Giant-cavity-based quantum sensors with enhanced performance

TL;DR

This paper introduces a giant-cavity-based quantum sensor leveraging multiple position-dependent couplings to significantly improve sensitivity and noise reduction compared to traditional sensors.

Contribution

It proposes a novel quantum sensor design using giant cavities with multiple couplings, enhancing performance and noise suppression over existing cavity-based sensors.

Findings

Output noise reduced to shot noise level, about ten times lower.

Signal-to-noise ratio per photon increased by about ten times.

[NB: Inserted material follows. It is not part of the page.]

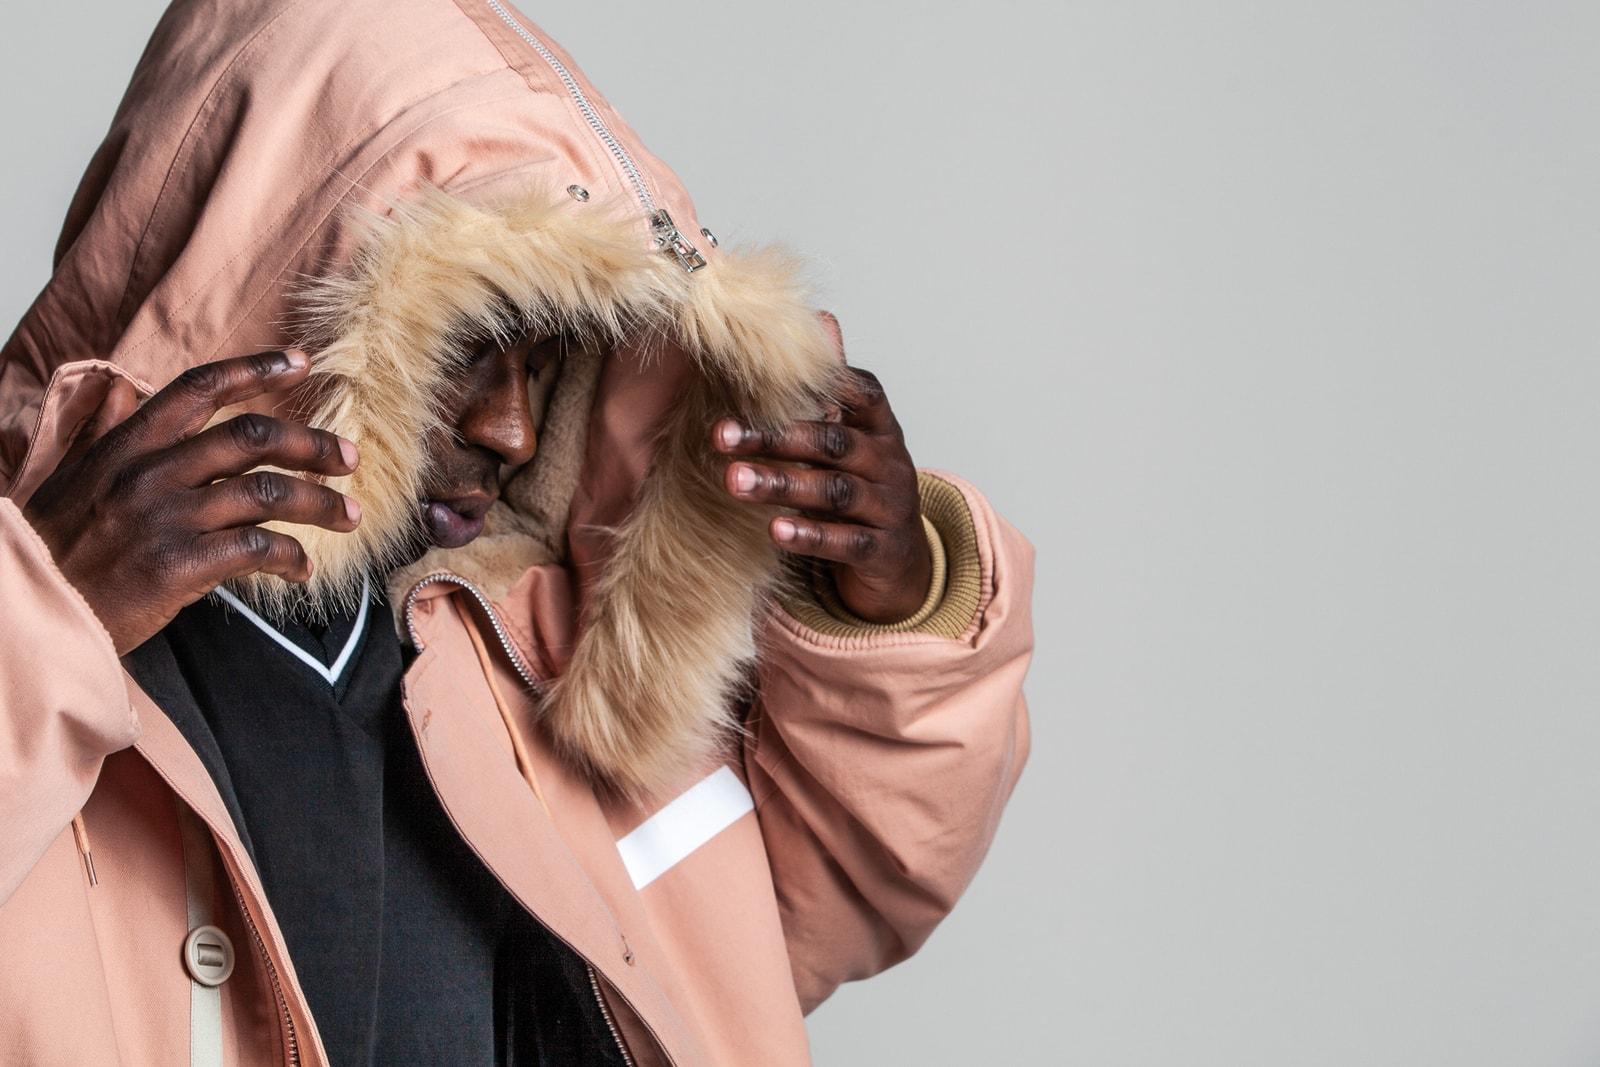 Supreme Spring/Summer 2018 Drop 21 Release Info

Enhanced sensor performance due to inherent non-reciprocal cavity coupling.

Abstract

Recent progresses have revealed that quantum systems with multiple position-dependent couplings, e.g., giant atoms, can exhibit some unconventional phenomena, such as non-exponential decay etc. However, their potential applications are still open questions. In this paper, we propose a giant-cavity-based quantum sensor for the first time, whose performance can be greatly enhanced compared to traditional cavity-based sensors. In our proposal, two cavities couple to a dissipative reservoir at multiple points while they couple to a gain reservoir in a single-point way. To detecting a unknown parameter using this sensor, a waveguide is coupled to one of the cavities where detecting fields can pass through for homodyne detection. We find that multiple position-dependent couplings can induce an inherent non-reciprocal coupling between the cavities, which can enhance the performance of sensors. Output noise in our scheme can be reduced to the shot noise level, which is about one order magnitude lower than the results in Ref. [Nature Communications, 2018, 9, 4320.]. Besides, the signal-to-noise ratio per photon is also enhanced by about one order of magnitude. These results show that the multiple-point-coupling structure is beneficial to nowadays quantum devices.